Converting our terrain to a TriMesh speeds things up considerably. To benchmark the performance, I wrote a short routine, DoRenderTest, that rotates our object 360 degrees around the y-axis, in 30 increments of 12 degrees, and times the results in ticks (sixtieths of a second). On my 250Mhz G3 machine, a 4,096-vertex test object (with 7,938 polygons) takes 518 ticks to do a complete rotation as a TriGrid, but only 282 ticks to do it as a TriMesh. This is for an unsmoothed, untextured grid.

With the original 512-by-512-pixel source image applied as a texture map, again unsmoothed, the test cycle takes 773 ticks to complete in TriGrid mode but only 438 ticks for the TriMesh.

The performance comparison is even more interesting when vertex normals are included as attributes for smoothing (Gouraud shading). The textured, smoothed object takes 690 ticks to rotate as a TriGrid, but only 261 ticks as a TriMesh - a better than 2.5-to-1 speedup. Notice that adding vertex normals shaves almost 100 ticks off the TriGrid's time and more than 100 ticks off the TriMesh's time. This is because when we provide the renderer with precalculated, pre-cached vertex normals, the renderer doesn't have to calculate any surface normals on the fly.

Lesson No. 1: Always supply vertex normals, whenever you can. The normals don't have to be Gouraud-averaged, if you don't want smoothing. Just be sure to provide normals of some kind. (Code for doing this is in our project.)

Lesson No. 2: Use a TriMesh as your main "renderable" geometry, if possible.

If you apply both lessons, you should be able to see better than two-to-one speed gains on many (if not most) kinds of objects.

Less Is More

A mentor once gave me some truly excellent advice on how to get code to run faster. "The CPU can only execute so many instructions per second," he noted. "So in a sense, there is no such thing as making code go faster. There is only such a thing as making the machine do less." I've often wanted to engrave those words in bronze. To go fast, do less. Let that thought percolate through your brain whenever you try to "speed up" your code.

It might behoove us to try to make our little PMB app do less. In this respect, you may have noticed that PMB isn't terribly smart about how it allocates resources. The flat parts of our terrain, for example, get just as many vertices as the "peaky" parts, even though - clearly - the flat parts could get by on less geometry. Fixing this ought to be easy: just delete triangles in flat areas. But wait: This isn't possible with the TriGrid geometry, which relies on fixed rows and columns.

Once again, TriMesh to the rescue.

By adding a few lines of code to our TriGrid-to-TriMesh triangle translation routine (to check the "altitude" of each point before copying), we can ensure that "sea-level" triangles don't get copied over to the TriMesh. With another line or two of code, we can add a "Trim Excess" toggle to our Preferences menu. The result is that wherever our terrain has zero-elevation triangles, the TriMesh version can be made to omit those triangles (and the associated point and attribute data) altogether, which ought to speed up rendering.

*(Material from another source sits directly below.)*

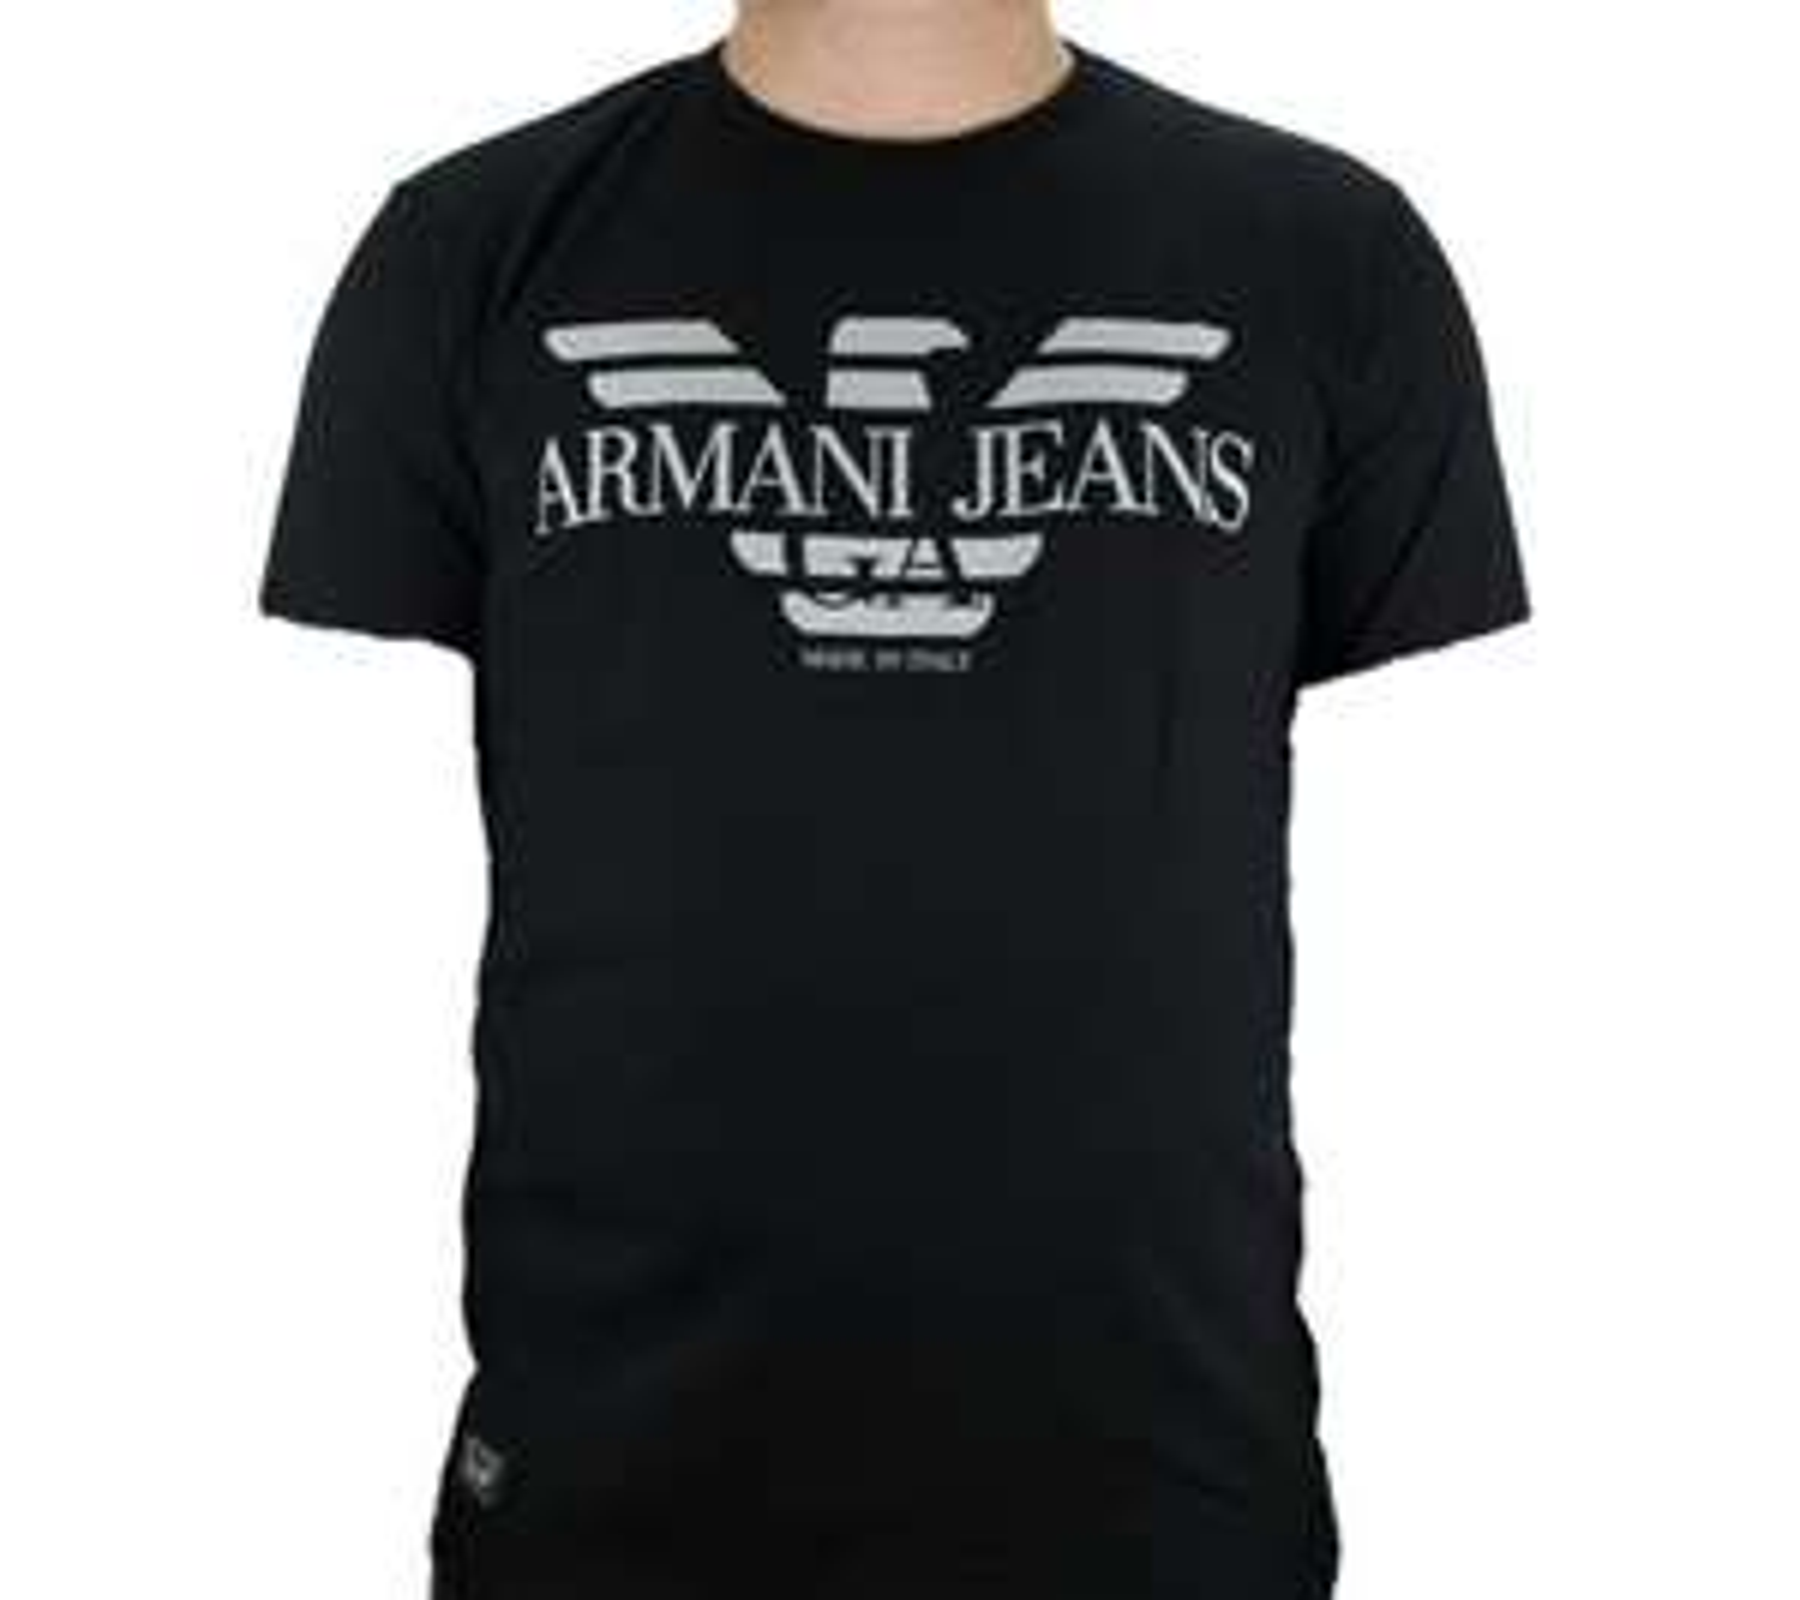 Armani Jeans T-Shirts - Größen S bis XL

Figure 2. Test image (scanned penny).

Our test image (Figure 2) is a 512-by-512-pixel color PICT made by scanning a penny on a Microtek ScanMaker II-XE. You'll notice that the edges of the source image are white, which means lots of "edge" triangles can be eliminated. Sure enough, when we use the "Trim Excess" option in our app (see Figures 3 and 4), we find it's possible to eliminate over 3,000 polygons (out of 7,938) - which, of course, gives a welcome speed boost. In the rotation test, the spin time drops, in one instance, from 636 ticks for the TriGrid version to 182 for the trimmed TriMesh. (That's with a smoothed, textured object.) The untrimmed TriMesh turns in times in the 260-ticks area, so the speedup is apparently comparable to the reduction in polygon count (as you'd expect).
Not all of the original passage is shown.